Thursday, August 2, 2012

blood suckers

yesterday, my legs were under attack from mosquitoes. my legs, from the knees down are now covered in mosquito bites. blood suckers. this is the price i pay for wearing shorts in a park outdoors. don't seem like much of a crime, but i've felt the punishment of blood sucking for a lot less in life and in many more painful forms. blood sucking is nothing new. i add the mosquitoes to a long list of every other blood sucker i have to deal with on a daily basis.

my government sucks my blood through my wallet. they take my taxes and spend it on things i don't want. they use my money to feed a war machine that i'm ashamed of. when i hear of missile attacks in foreign lands, or military operations that leave dead women and children in its wake, i know that i helped pay for that. i didn't want it but i got it. it's all mine. i am the unwilling owner of bloodshed and misery.

my job sucks my blood through my soul. my job is not the land of dreams. no one wished on a star to make it here. this is a place where people go when they're able to carve out a decent living if they're willing to put their passion aside. at least i'm still aware of this. i'm surrounded by drones who are brainwashed on wishy-washy corporate philosophy. empty words to help fill their empty souls. i'm not alone. it's not just my job, it's many jobs. it's a soul sucking job pandemic. we're told to be grateful for what we have as our souls bleed red onto the keyboards we maniacally clang away at all day.

large corporations swing gigantic axes too large for me to dodge. when the swipes come my way, i brace myself and walk it off. they swipe at my mind that they try to melt with an all out brain numbing, advertising assault. there's no cover, no protection, no shielding available. i am under a constant bombardment of companies telling me what's good for me and bullying me into a lifestyle i'm too hypnotized to realize i'm not interested in.

salesmen, politicians, and religious figures scream at me from hoisted pedestals. i figure anyone who can speak from that on high must know what they're talking about. their elegant deceit robs me of confidence in my own ideas. they cut deep into my psyche until i am left with no choice but to trade in my free thinking for their rigid salvation.

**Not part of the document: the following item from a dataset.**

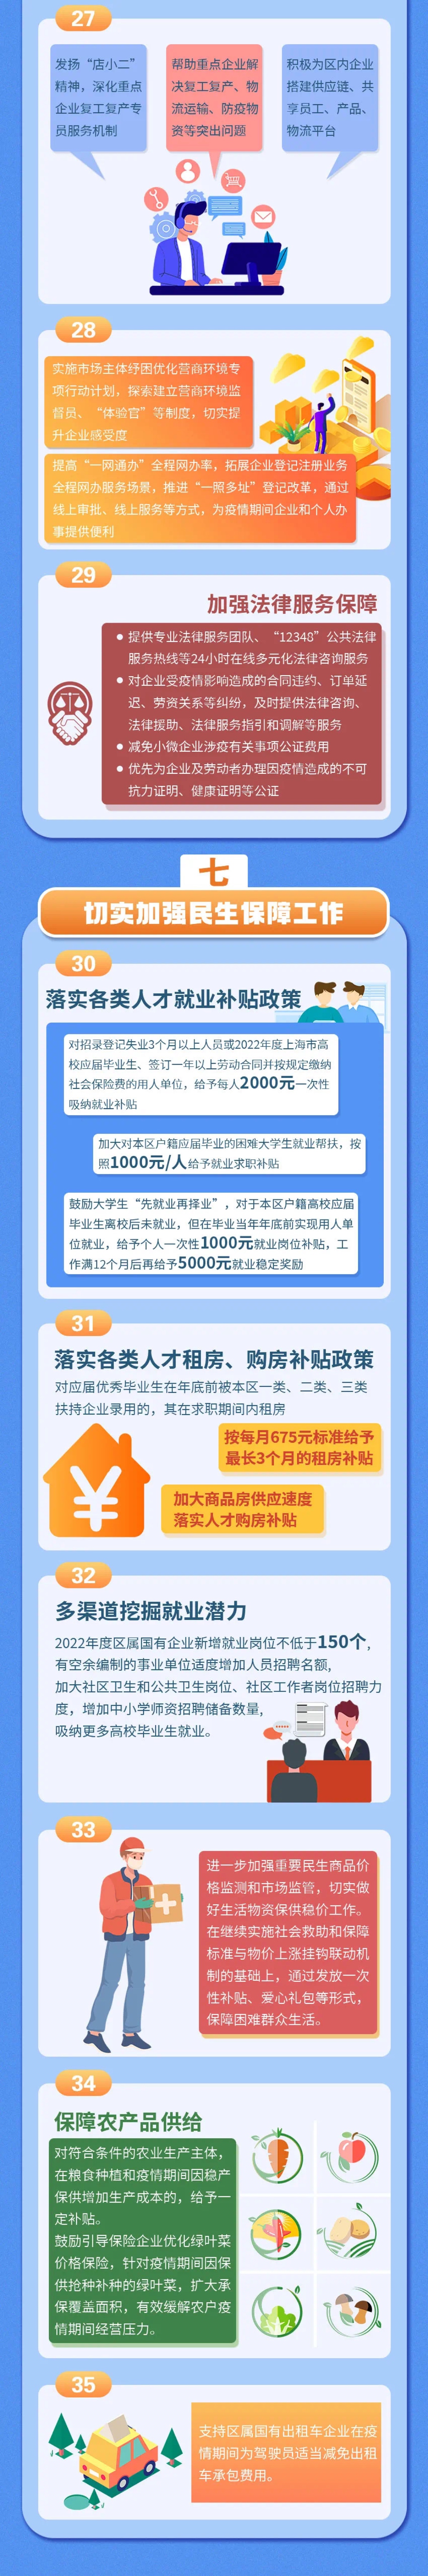 一图读懂《松江区加快经济恢复和重振的(de)实施方案》。 上海松江区融媒体中心 图
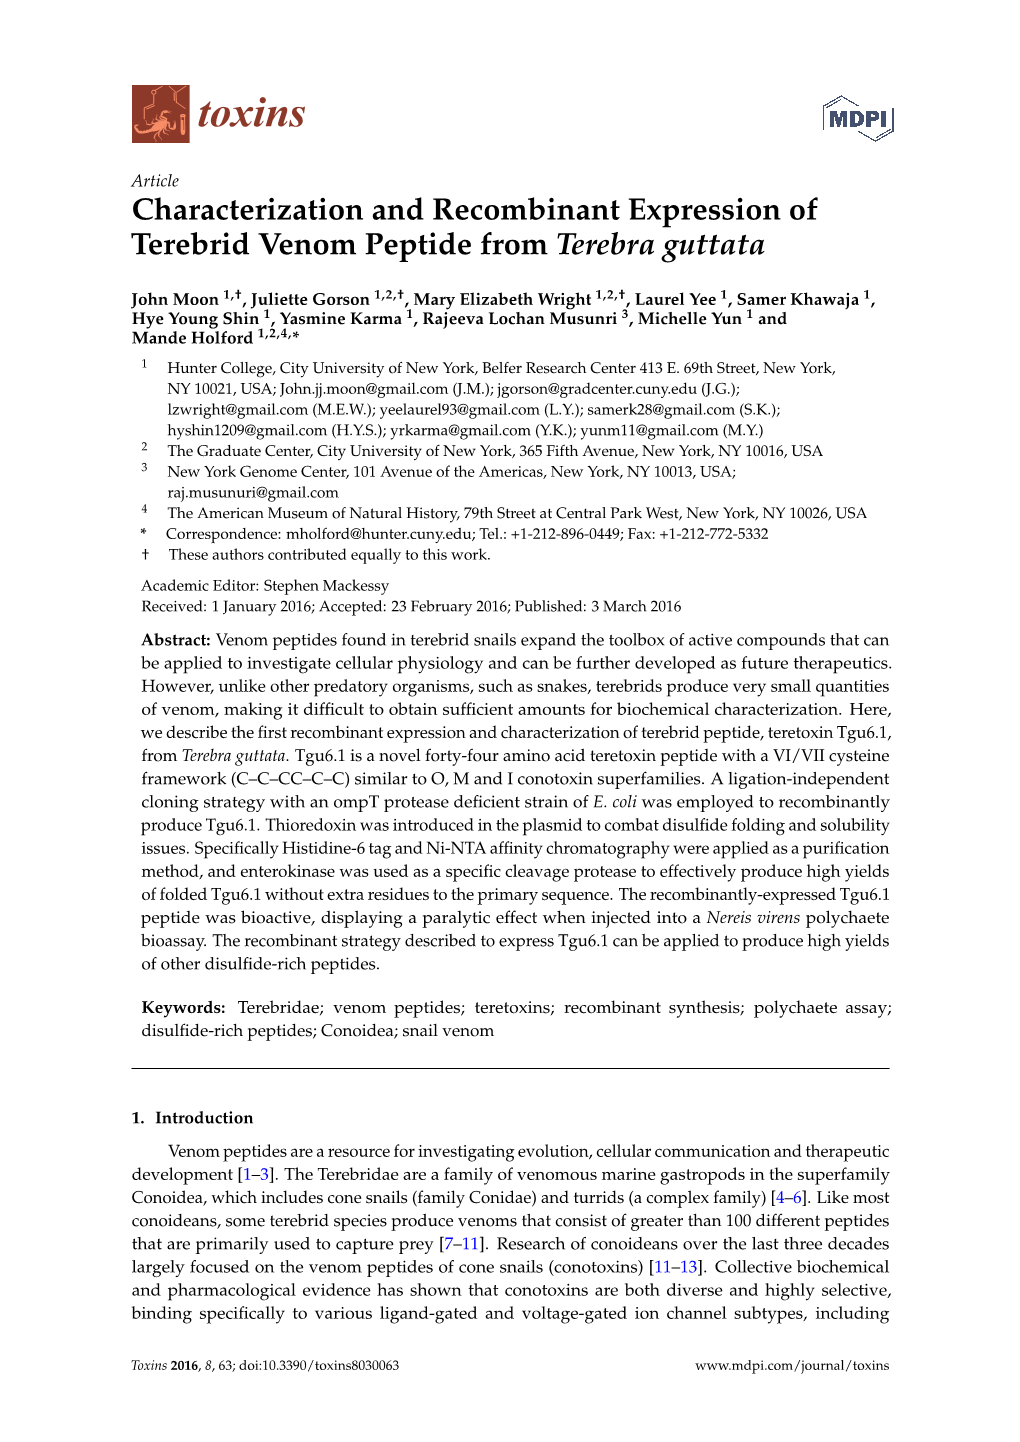 Characterization and Recombinant Expression of Terebrid Venom Peptide from Terebra Guttata

certain friends, family, and acquaintances borrow my blood in hopes that when it's my turn and i'm in need of blood, they'll be there to pay the favor right back. i don't mind giving you my blood but sometimes i get the feeling that i'm being taken for more than i'll ever be given. sometimes they need a lot more blood than seems necessary. sometimes i'm in need, and when i look around, some of the people who've taken the most in the bond of love and trust are no where to be found.

blood suckers come in many forms and are always on the attack. from the moment i was born, forces outside of my immediate existence have been after my blood. they'll chase my blood till it's all said and done. when i expire, they'll demand my debts, that i died to get out of, be paid in blood. they'll storm my funeral and shakedown my loved ones. they'll demand blood, anyone's blood. the blood suckers will never surrender.

and it serves me right, because in the end, i was a blood sucker too.